### What needs to be done
Please copy, exactly as they appear below, the lines from the one containing "You Are Worthy" through the one containing "IDC's Worldwide Semiannual".

### Raw data
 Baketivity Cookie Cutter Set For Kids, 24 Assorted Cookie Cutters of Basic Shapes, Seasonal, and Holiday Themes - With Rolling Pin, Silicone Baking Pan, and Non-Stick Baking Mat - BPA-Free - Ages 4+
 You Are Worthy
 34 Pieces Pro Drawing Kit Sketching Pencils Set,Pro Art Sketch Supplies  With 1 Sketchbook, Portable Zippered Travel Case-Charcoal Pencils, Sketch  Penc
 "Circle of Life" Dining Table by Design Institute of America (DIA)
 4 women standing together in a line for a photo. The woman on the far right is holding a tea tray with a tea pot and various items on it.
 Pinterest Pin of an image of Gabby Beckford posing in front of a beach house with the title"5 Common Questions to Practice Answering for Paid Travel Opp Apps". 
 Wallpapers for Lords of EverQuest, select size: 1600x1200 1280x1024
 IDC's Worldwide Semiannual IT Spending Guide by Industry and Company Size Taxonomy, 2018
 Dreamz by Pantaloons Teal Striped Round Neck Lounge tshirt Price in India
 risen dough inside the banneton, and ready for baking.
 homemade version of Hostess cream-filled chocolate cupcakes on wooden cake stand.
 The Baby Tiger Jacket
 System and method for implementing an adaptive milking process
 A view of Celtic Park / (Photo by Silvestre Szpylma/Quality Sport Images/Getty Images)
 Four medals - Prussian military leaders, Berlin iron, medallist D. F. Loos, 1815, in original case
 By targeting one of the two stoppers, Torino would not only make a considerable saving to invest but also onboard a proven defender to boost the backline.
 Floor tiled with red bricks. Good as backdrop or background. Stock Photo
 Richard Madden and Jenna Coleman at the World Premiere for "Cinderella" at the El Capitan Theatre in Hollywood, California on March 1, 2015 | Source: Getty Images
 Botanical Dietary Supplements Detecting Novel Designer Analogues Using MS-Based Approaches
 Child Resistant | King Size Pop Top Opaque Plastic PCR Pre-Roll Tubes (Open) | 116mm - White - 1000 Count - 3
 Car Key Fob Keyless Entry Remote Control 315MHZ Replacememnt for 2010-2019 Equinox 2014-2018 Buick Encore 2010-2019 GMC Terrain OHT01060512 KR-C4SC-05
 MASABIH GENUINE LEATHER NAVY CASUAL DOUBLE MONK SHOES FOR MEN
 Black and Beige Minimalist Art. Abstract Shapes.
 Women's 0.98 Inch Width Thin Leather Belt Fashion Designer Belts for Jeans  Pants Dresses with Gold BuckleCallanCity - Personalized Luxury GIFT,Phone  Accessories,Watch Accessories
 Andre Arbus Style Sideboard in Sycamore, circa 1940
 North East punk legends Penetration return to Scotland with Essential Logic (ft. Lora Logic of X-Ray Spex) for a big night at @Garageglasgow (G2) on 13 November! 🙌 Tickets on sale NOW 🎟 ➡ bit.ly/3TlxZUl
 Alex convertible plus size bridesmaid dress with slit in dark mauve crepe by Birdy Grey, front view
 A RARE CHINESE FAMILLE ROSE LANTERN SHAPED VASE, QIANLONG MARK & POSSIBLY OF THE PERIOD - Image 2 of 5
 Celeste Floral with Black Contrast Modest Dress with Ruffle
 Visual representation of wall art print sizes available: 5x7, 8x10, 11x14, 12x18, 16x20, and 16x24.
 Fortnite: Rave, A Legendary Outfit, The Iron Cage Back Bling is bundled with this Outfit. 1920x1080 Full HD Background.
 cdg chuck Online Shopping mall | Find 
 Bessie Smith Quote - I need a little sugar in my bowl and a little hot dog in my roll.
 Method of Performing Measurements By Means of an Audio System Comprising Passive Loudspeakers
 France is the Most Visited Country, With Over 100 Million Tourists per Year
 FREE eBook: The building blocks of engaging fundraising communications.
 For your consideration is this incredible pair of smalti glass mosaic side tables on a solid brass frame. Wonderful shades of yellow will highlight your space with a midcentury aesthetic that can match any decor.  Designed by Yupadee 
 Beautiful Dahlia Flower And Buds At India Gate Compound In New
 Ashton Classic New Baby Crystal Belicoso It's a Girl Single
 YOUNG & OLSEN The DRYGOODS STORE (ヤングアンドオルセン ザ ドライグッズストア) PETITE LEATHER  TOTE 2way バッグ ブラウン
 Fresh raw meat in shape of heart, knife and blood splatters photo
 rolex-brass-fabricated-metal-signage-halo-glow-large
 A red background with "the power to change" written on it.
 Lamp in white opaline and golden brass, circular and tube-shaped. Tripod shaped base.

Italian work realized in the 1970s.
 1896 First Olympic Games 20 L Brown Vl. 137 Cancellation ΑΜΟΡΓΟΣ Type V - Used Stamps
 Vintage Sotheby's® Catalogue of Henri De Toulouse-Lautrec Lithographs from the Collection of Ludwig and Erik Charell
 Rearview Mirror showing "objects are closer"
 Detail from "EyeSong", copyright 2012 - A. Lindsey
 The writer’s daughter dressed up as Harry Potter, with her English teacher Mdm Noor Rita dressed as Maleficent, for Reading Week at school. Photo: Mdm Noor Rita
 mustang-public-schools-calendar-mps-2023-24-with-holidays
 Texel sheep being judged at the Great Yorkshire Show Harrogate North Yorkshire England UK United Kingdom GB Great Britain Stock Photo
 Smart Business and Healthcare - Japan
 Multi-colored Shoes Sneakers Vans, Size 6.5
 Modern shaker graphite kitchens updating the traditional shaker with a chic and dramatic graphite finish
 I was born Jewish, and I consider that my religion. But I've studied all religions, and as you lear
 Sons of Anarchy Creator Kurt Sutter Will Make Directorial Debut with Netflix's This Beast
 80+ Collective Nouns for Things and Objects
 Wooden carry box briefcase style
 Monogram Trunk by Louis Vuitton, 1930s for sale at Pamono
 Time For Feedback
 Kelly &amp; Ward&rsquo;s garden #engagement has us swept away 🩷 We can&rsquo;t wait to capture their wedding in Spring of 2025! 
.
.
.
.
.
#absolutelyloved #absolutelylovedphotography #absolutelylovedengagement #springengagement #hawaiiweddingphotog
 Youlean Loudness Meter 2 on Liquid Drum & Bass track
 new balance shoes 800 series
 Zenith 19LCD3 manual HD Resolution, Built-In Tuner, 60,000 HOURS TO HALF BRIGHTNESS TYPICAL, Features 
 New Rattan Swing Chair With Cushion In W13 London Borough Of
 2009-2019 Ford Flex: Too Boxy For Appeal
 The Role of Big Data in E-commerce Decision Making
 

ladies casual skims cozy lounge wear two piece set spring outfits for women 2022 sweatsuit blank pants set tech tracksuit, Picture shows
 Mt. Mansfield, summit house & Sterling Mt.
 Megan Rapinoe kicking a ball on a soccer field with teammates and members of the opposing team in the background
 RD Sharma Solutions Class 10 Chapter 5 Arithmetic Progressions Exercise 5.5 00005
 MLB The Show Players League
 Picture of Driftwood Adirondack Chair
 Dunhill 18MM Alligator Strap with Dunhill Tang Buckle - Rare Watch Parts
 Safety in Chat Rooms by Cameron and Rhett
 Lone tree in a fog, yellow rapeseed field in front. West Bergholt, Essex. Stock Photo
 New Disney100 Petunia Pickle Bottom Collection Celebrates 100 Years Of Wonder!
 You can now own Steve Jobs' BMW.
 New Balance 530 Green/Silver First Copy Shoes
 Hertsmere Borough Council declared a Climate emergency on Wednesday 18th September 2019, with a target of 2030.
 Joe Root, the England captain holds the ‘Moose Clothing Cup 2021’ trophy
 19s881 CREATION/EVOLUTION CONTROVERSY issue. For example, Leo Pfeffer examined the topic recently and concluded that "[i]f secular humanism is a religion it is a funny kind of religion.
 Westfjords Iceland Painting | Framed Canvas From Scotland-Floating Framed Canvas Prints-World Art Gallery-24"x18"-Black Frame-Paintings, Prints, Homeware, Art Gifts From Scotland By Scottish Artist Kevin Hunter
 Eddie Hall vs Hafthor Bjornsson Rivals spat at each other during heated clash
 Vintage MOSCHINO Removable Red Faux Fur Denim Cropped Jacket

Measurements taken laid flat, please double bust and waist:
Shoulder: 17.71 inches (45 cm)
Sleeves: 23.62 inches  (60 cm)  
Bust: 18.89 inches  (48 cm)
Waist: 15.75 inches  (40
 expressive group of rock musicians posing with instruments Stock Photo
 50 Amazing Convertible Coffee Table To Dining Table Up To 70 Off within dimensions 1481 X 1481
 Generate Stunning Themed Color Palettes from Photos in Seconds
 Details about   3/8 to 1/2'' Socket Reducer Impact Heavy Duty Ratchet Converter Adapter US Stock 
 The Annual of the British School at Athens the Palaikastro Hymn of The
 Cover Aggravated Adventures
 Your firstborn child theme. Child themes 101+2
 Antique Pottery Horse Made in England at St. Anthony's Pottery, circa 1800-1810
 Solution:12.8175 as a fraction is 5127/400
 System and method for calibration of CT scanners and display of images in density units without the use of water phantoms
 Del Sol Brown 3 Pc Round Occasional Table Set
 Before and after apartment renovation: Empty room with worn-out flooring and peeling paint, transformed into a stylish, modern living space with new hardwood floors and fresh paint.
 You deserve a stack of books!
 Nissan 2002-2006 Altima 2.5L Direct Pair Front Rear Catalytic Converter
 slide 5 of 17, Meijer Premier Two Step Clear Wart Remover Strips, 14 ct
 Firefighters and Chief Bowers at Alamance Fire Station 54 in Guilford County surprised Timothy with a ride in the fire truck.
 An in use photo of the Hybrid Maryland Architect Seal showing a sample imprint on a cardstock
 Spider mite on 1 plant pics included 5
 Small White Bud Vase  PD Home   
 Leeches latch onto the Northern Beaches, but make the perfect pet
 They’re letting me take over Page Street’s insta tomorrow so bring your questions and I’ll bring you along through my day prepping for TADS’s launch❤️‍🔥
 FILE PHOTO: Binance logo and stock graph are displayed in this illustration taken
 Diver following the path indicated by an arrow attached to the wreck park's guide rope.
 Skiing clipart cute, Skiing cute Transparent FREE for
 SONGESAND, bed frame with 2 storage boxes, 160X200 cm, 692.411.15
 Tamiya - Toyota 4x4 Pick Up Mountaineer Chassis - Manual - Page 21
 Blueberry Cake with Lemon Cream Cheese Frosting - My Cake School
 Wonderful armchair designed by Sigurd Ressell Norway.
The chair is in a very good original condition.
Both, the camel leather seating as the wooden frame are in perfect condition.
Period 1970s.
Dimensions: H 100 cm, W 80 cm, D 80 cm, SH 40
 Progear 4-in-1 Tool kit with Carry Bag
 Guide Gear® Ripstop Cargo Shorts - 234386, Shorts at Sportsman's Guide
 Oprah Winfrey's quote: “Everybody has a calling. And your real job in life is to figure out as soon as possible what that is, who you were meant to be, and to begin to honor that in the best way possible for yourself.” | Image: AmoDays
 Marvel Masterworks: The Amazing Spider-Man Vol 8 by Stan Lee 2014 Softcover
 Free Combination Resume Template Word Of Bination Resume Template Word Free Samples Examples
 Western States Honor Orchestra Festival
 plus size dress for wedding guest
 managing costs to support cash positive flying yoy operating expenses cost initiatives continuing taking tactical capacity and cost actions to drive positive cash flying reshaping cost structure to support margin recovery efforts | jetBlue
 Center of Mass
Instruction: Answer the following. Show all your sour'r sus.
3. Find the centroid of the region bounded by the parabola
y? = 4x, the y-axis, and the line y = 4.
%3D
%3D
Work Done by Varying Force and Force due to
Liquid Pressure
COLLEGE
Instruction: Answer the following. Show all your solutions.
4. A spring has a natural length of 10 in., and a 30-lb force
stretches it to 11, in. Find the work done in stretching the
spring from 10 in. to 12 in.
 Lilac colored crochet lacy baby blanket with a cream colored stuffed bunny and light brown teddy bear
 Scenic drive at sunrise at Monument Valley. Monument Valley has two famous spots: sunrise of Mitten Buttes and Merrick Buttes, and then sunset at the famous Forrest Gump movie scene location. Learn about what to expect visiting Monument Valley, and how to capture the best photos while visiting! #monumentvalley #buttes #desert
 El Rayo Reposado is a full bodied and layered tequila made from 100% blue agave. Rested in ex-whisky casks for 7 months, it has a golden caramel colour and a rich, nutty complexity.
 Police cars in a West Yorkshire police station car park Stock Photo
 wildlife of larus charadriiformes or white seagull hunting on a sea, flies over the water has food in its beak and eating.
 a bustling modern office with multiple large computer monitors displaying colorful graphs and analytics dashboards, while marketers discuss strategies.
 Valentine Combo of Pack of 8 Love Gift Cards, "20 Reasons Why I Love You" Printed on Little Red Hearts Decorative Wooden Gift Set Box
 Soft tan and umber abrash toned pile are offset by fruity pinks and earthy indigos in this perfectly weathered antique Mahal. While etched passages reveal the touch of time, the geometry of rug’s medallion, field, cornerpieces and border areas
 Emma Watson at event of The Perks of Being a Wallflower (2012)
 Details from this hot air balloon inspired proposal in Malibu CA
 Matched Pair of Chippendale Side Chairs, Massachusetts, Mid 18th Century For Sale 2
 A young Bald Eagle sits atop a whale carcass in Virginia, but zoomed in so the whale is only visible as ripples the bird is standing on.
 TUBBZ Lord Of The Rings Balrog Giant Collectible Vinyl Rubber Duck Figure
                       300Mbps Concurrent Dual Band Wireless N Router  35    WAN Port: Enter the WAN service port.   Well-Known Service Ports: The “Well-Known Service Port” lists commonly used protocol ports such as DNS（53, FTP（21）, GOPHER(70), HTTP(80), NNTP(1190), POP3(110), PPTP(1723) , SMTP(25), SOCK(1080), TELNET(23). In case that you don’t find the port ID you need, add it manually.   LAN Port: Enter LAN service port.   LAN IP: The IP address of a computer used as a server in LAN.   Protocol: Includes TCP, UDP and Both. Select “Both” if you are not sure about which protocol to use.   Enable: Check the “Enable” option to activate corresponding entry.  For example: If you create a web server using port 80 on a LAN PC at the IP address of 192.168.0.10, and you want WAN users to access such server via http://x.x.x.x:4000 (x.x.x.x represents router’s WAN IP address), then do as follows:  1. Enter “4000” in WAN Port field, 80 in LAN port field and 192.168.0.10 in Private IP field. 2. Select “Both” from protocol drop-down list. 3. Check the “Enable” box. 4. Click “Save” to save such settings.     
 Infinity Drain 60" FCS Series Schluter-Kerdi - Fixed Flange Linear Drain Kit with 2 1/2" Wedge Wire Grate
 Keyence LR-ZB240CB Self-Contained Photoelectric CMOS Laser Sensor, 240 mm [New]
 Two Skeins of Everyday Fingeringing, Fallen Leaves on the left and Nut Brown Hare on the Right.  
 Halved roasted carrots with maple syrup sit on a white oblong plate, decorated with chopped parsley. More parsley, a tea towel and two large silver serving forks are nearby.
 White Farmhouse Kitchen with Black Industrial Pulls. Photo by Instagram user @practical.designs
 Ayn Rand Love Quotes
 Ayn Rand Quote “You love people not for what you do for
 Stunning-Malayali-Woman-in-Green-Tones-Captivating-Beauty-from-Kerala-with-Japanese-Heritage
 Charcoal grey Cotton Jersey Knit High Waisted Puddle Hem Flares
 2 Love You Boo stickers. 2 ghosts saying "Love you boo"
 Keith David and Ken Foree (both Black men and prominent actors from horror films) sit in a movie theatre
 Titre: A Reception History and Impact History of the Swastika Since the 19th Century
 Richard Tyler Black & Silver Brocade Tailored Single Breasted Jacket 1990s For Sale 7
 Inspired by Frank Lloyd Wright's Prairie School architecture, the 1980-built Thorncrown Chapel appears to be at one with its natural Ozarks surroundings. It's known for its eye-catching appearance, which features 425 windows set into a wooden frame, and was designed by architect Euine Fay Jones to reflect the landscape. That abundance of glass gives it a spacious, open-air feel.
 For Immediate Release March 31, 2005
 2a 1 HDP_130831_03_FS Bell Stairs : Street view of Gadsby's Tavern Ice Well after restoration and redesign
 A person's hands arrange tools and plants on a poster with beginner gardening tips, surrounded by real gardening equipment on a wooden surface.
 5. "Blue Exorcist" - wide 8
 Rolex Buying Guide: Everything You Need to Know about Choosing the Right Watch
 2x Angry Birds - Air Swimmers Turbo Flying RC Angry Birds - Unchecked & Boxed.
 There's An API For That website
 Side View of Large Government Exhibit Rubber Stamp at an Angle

### Expected answer
 You Are Worthy
 34 Pieces Pro Drawing Kit Sketching Pencils Set,Pro Art Sketch Supplies  With 1 Sketchbook, Portable Zippered Travel Case-Charcoal Pencils, Sketch  Penc
 "Circle of Life" Dining Table by Design Institute of America (DIA)
 4 women standing together in a line for a photo. The woman on the far right is holding a tea tray with a tea pot and various items on it.
 Pinterest Pin of an image of Gabby Beckford posing in front of a beach house with the title"5 Common Questions to Practice Answering for Paid Travel Opp Apps". 
 Wallpapers for Lords of EverQuest, select size: 1600x1200 1280x1024
 IDC's Worldwide Semiannual IT Spending Guide by Industry and Company Size Taxonomy, 2018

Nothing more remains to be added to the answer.